Batteries as a Mechanism for Shifting the Emission Avoidance Factor

This is where the role of batteries becomes critical.

Batteries enable the temporal relocation of renewable energy—from periods of low scarcity to periods of high scarcity.

Consider the following simplified example:

• Daytime grid carbon intensity: 0.3 kg-CO₂/kWh
• Nighttime grid carbon intensity: 0.6 kg-CO₂/kWh

During the day, renewable energy is plentiful, and its incremental contribution yields a relatively modest emissions avoidance of 0.3 kg-CO₂ per kWh. However, during the night, when renewables are scarce, the same unit of renewable electricity would avoid 0.6 kg-CO₂ per kWh.

By charging a battery during the day and discharging it at night, the system effectively shifts renewable energy from a low-impact period to a high-impact period. As a result, the emission avoidance factor associated with that energy increases from 0.3 to 0.6 kg-CO₂/kWh.

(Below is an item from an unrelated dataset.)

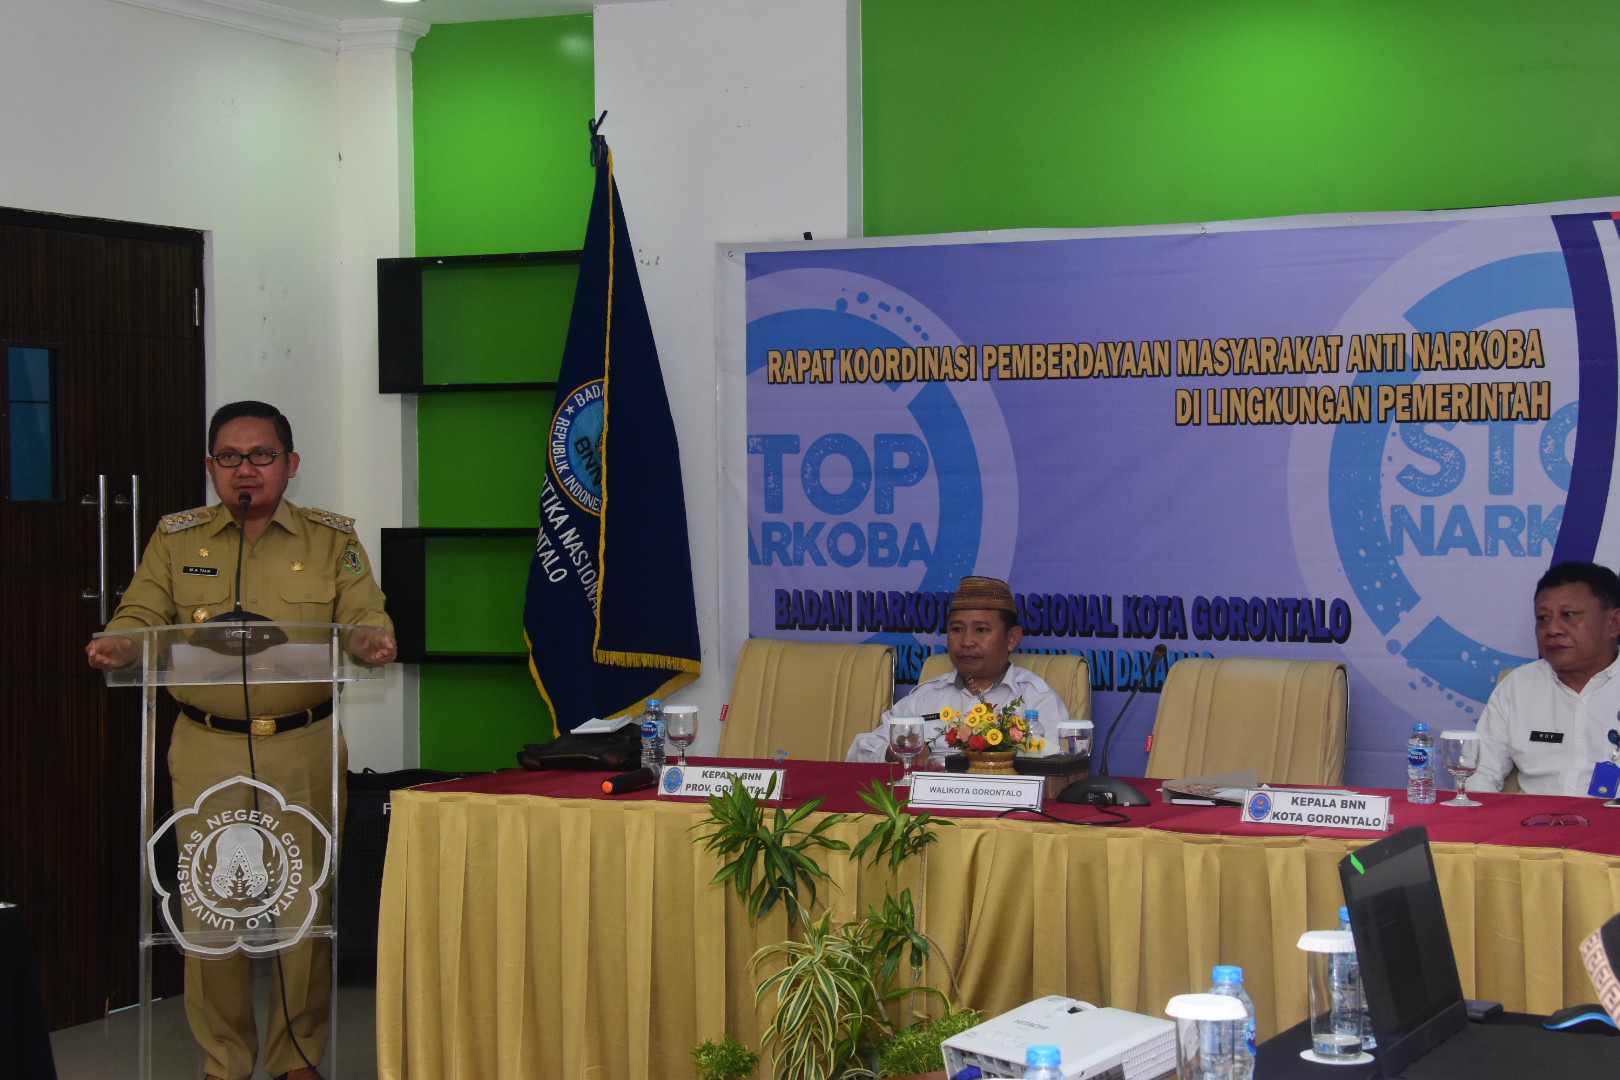 98 Orang di Kota Gorontalo Positif Pengguna Narkoba

The incremental benefit can be expressed as:

• Increase in emission avoidance factor = 0.6 − 0.3 = 0.3 kg-CO₂/kWh

Importantly, this does not mean that the battery changes the intrinsic emissions of the electricity itself. Rather, it changes when the emissions are avoided, thereby increasing the overall impact of renewable deployment.

Implications for Corporate Emissions Accounting

This mechanism has direct implications for large electricity consumers subject to Scope 2 reporting obligations.

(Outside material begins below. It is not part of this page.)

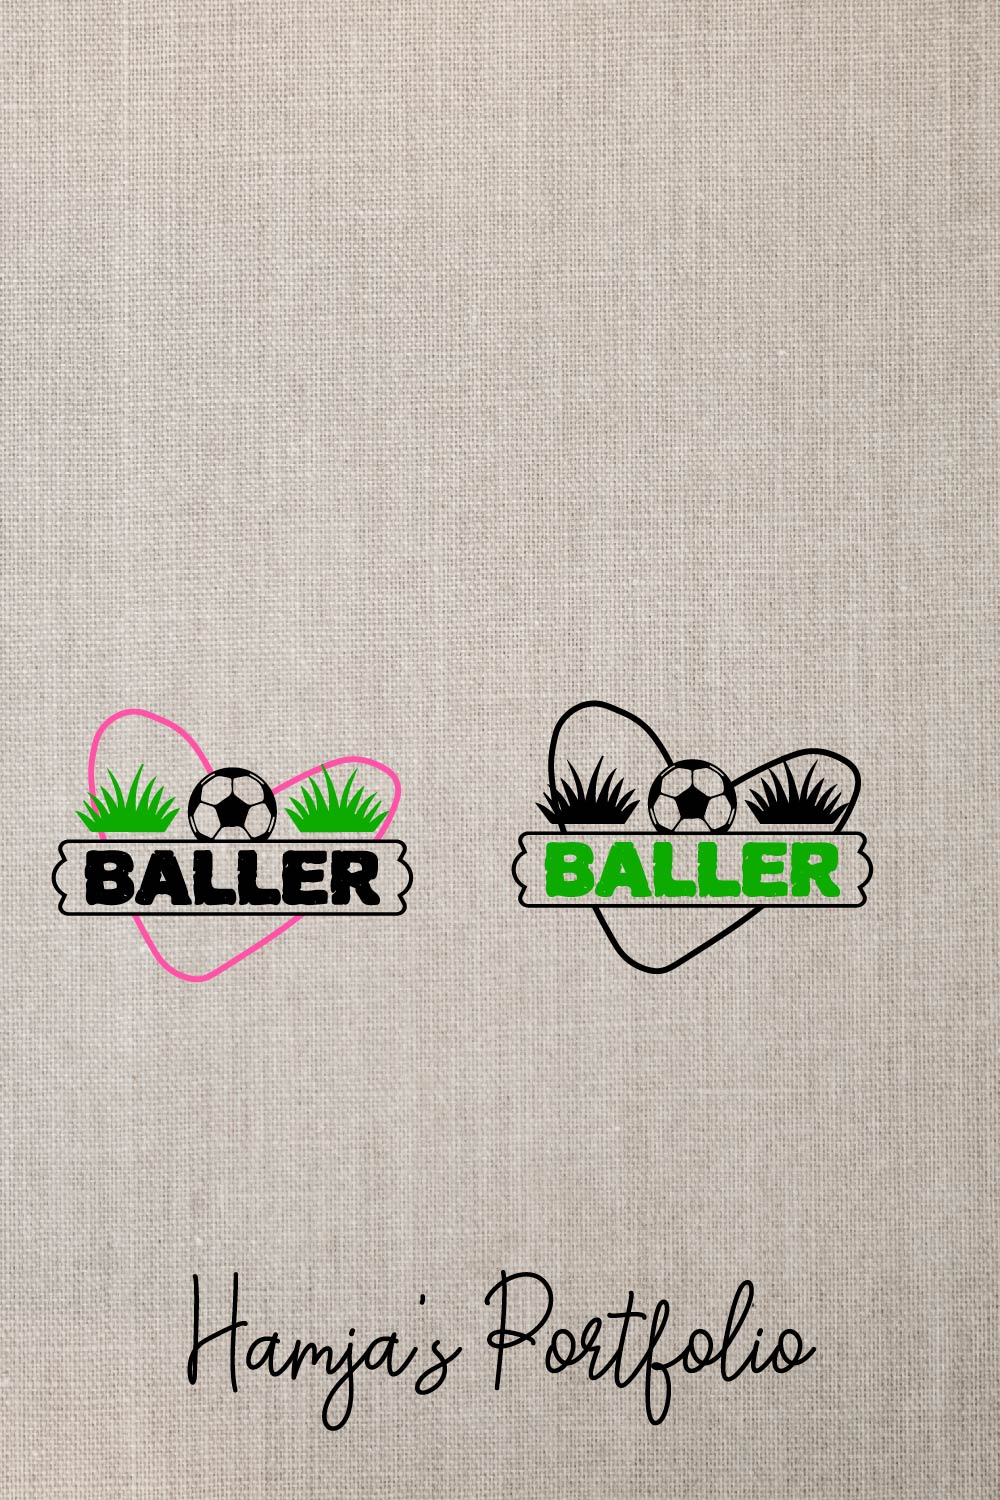 Baller Vector pinterest preview image.

Under a location-based methodology with temporal granularity, emissions are calculated as:

• Emissions = Σ (time-specific grid emission factor × electricity consumption at that time)

In this framework, reducing consumption during high-carbon periods—or substituting it with stored low-carbon electricity—directly lowers total reported emissions.

For example, in an on-site configuration combining solar PV and battery storage:

• Renewable electricity is generated and stored during the day
• The stored electricity is consumed at night
• High-carbon grid electricity is avoided during peak emission periods

In this case, the battery does more than simply store energy—it amplifies the emissions reduction effect by aligning consumption with periods of higher marginal impact.

Batteries as “Time-Shifting Devices” for Emission Avoidance

From a location-based perspective, batteries can be understood as devices that shift not only energy, but emission avoidance potential across time.

• They capture renewable energy when its marginal value is low
• They deploy it when its marginal value is high
• They thereby increase the effectiveness of each unit of clean electricity

In this sense, batteries function as “time-shifting devices” for emission avoidance.

Concluding Remarks

As temporal granularity becomes embedded in carbon accounting frameworks, the role of batteries will extend beyond traditional market functions. Their ability to enhance the timing of emissions reductions positions them as critical infrastructure for decarbonization.

While much of the current discourse focuses on market-based mechanisms such as hourly matching, the location-based dimension—particularly through the lens of emission avoidance factors—offers an equally important, yet underexplored, pathway for value creation.

Understanding this second dimension of the “time-shifting effect” is essential for accurately assessing the full contribution of battery storage in a decarbonizing power system.